Chapter 4 #2
"Who are you?" My voice came out high and unrecognizable. "What do you want?"
The first man didn't stop. His partner circled around, cutting off my path to the door. The first one reached out.
"Don't make this hard, girl. Come with us nice and easy. Nobody gets hurt."
"Get out!" I grabbed the lamp from the nightstand and held it in front of me. "I'm not going anywhere!"
"Put that piece of shit down." He took another step, patience gone from his eyes. "You can walk out, or we can carry you out. Either way, same result."
I screamed, dodged sideways from the first man's hand, and swung the lamp at his shoulder. He shifted, the lamp hit the ground and shattered, darkness swallowing half the room. I lunged for the door, but he caught my wrist.
I wrenched free, knee slamming into something hard, pain shooting through my leg. But I shook him off. I hit the stairs, stumbling, practically crawling up on hands and knees until I reached the first floor.
The living room light was on.
Martha stood by the front door in her bathrobe, hair down, one hand on the frame. No fear on her face. No panic. She just stood there. An observer.
"Martha! Someone broke in! We have to go!" I ran toward her, reaching out.
Martha turned her head, looked at me, gave a cold laugh, and slowly closed the front door.
Then she turned to the two men who'd followed me up.
"Take this demon away."
"Mom?" My voice came out as a whisper. "What are you saying?"
Martha didn't look at me. She turned and walked upstairs. The two men came at me fast.
A cloth reeking of chemicals covered my nose and mouth. I fought hard, but the man's strength was ridiculous. My resistance meant nothing. Sweet, sickly fumes flooded my nostrils. My limbs went soft. Vision blurred.
Before I lost consciousness, the last thing I saw was Martha's back. Her bathrobe looked so white under the living room lights. Like church robes.
She never turned around.
"You're awake."
A voice came from my right. I snapped my eyes open—
Dull pain throbbed at the back of my skull. Everything blurred at first. Once my pupils adjusted to the light, I could finally see where I was. Warehouse. Or something like it. Dark as hell. Cluttered with random cargo all around.
A man stepped out from behind a metal shelf. Faded black T-shirt, jeans, holding a cup of water.
When he stepped into the light, I recognized his face.
"Liam?"
Liam Brooks. High school classmate. Same graduating class, though we weren't close. In a small town like ours, everyone from the same year sort of knew each other. He'd been on the basketball team, mostly bench, always sitting quietly in the back of classrooms.
My impression of him was limited to a shy, quiet, decent-looking guy.
But why the hell was he here now, in the place I'd woken up after being kidnapped?
"What are you doing here? Where is this?" I tried to move my wrists, but the ropes held tight.

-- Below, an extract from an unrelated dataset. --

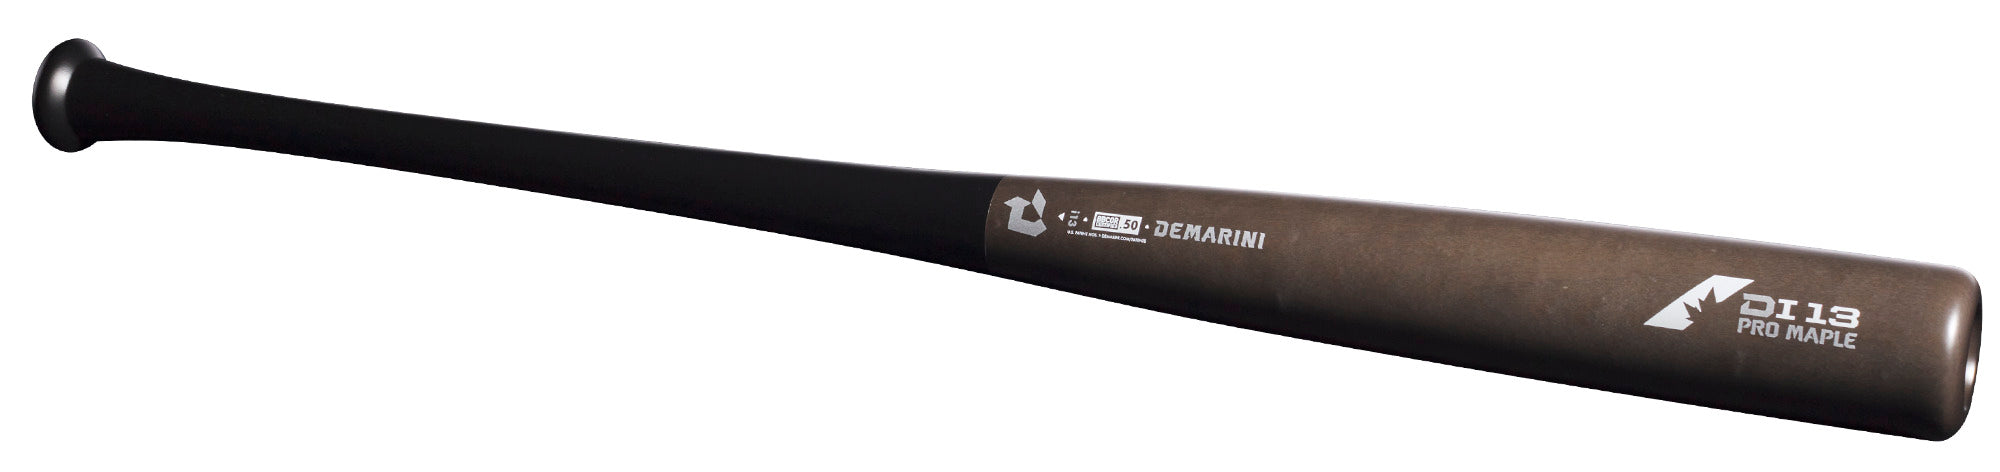 Demarini DI13 Pro Maple Wood Composite Baseball Bat

Liam crouched down, held the cup to my lips. "Drink some water first. You've been drugged for six, seven hours. Your body needs hydration."
Yeah right. Like I was going to drink suspicious water in a suspicious place. I turned my head away from the cup. "Answer my question."
Liam sighed and set the water on the ground. Then sat in a folding chair in front of me, hands clasped on his knees, head down. Stayed quiet for a while before speaking.
"Chloe, you were sold."
"Ha, of course." I laughed bitterly, heart bleeding. "By my own mother."
"This is the back warehouse of a strip club in New York." Liam looked up at me. His expression didn't look like he was lying. "I work here as a bartender. Almost a year now. This morning, they brought in a new girl. I saw it was you, volunteered to watch you and talk you around."
"Strip club." I heard my voice shaking. "Did I sell for a good price?"
Liam didn't answer directly. He just said, "I don't know the specifics of the deal. All I know is the two guys who brought you said they picked you up today."
"Liam, untie me." I tried to make my voice sound calm and rational. "This is completely illegal. I didn't come here voluntarily. I need to leave. I need to call the police."
Liam untied the ropes, then immediately shook his head.
"They won't let you leave, Chloe." Liam's voice dropped low, like he was afraid of being overheard. "There are guards outside the door. Even if you ran out of this warehouse, there'd be more people outside. Security here is tighter than you think."
"Then I'll call the cops," I said. "This is kidnapping and human trafficking. Federal crime."
Liam smiled bitterly.
"Chloe, the guy who owns this club is one of the most powerful people in New York.
Not just some corporate CEO—he's connected to the mafia.
You think nobody's tried calling the cops before?
Last month, there was a girl, Casey. She said the exact same things you're saying.
Said she'd call the police, get a lawyer, expose everything about this place. "
He paused.
"Then she jumped out a third-floor window."
Liam looked at me, face dead serious. Not a hint of joking.
"If you go to the police, the club won't disappear. You will."
I didn't say anything. Didn't know what to say. My goddamn, fucked-up life.
Crushing despair surged up my throat. I closed my eyes, hand instinctively covering my stomach. There was a three-month-old baby in there.
And we were trapped in this godforsaken hell.